Keidanren, the Japanese business association, is muscling in on the manga business, with an enthusiastic report suggesting that manga should become a cornerstone of Japanese economic policy, and that Japan should aim to quadruple its manga exports within ten years.
Pundit and scholar Roland Kelts has already pointed out that this could be less of a case of the Japanese waking up to manga (to which they are already awake), but of a generation of public officials who have grown up in the 1990s, and hence lack any of their predecessors’ qualms about pop culture – long-term readers all of Slam Dunk and Demon Slayer.

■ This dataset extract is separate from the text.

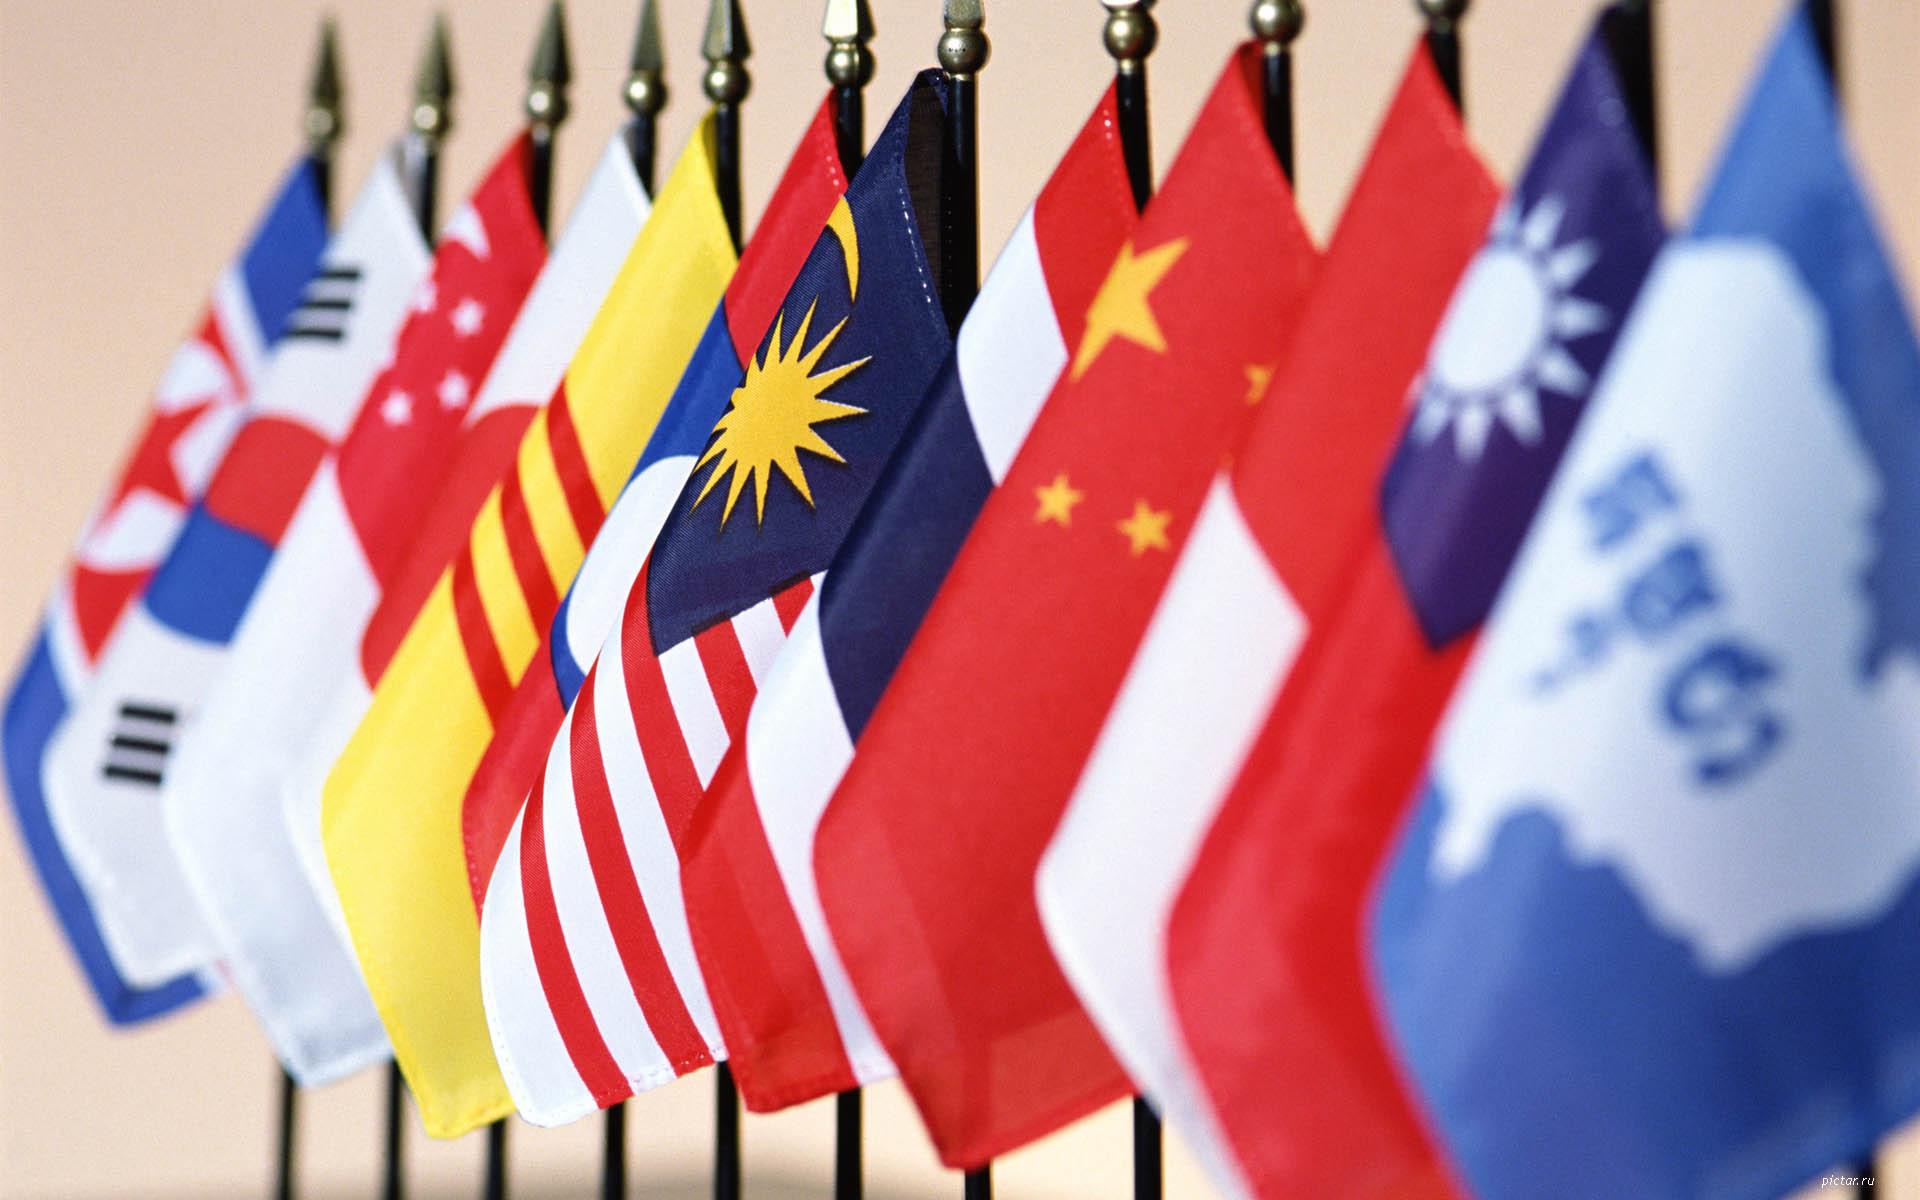 Флаги разных стран картинки флаги

Bolstered by… something, manga sales in the US have gone up 171% in the last year, quite possibly as a result of the ease of access offered by online sales, and an increased acceptance of e-books after a two-year pandemic. A cynic might suggest that the US comics market was less manga’s to win than it was DC’s and Marvel’s to lose, and that manga are flourishing in an environment short on much interesting competition, irrelevant to many Zennials.
I am more sceptical about the nature of this four-fold expansion, which has all the bold, nation-building gumption of one of Chairman Mao’s grand national projects. It’s true enough that there are a few areas of the world that have yet to be saturated with manga and anime, and there might be a little bit of a push there. But it’s also true that, as reported in this column (NEO #215), the translation business is almost at breaking point. Streamers are snatching so many translators, and squeezing so tightly on margins, that there already aren’t enough to go around. And funnily enough, a lot of people don’t like to put in the hours on a four-year degree just to earn McDonald’s money.
So, who’s going to do it? One could suggest that a bunch of this expansion will have to creatively frack away at what’s already been done, such as, for example, using the English language as a “pivot” and translating the English version of the Doraemon manga into Swahili or Polish. Or you could look at the ominous website of Mantra, a Japanese start-up offering machine-translated manga services using artificial intelligence.
And yes, we are back to another of our age’s recurring topics – the rise of AI, which we’ve already seen poking at the jobs of animators (NEO #227) and voice actors (NEO #229). Translators, too…? You’d better hope that readers are safe from digital competition…
Jonathan Clements is the author of Anime: A History. This article first appeared in NEO #231, 2023.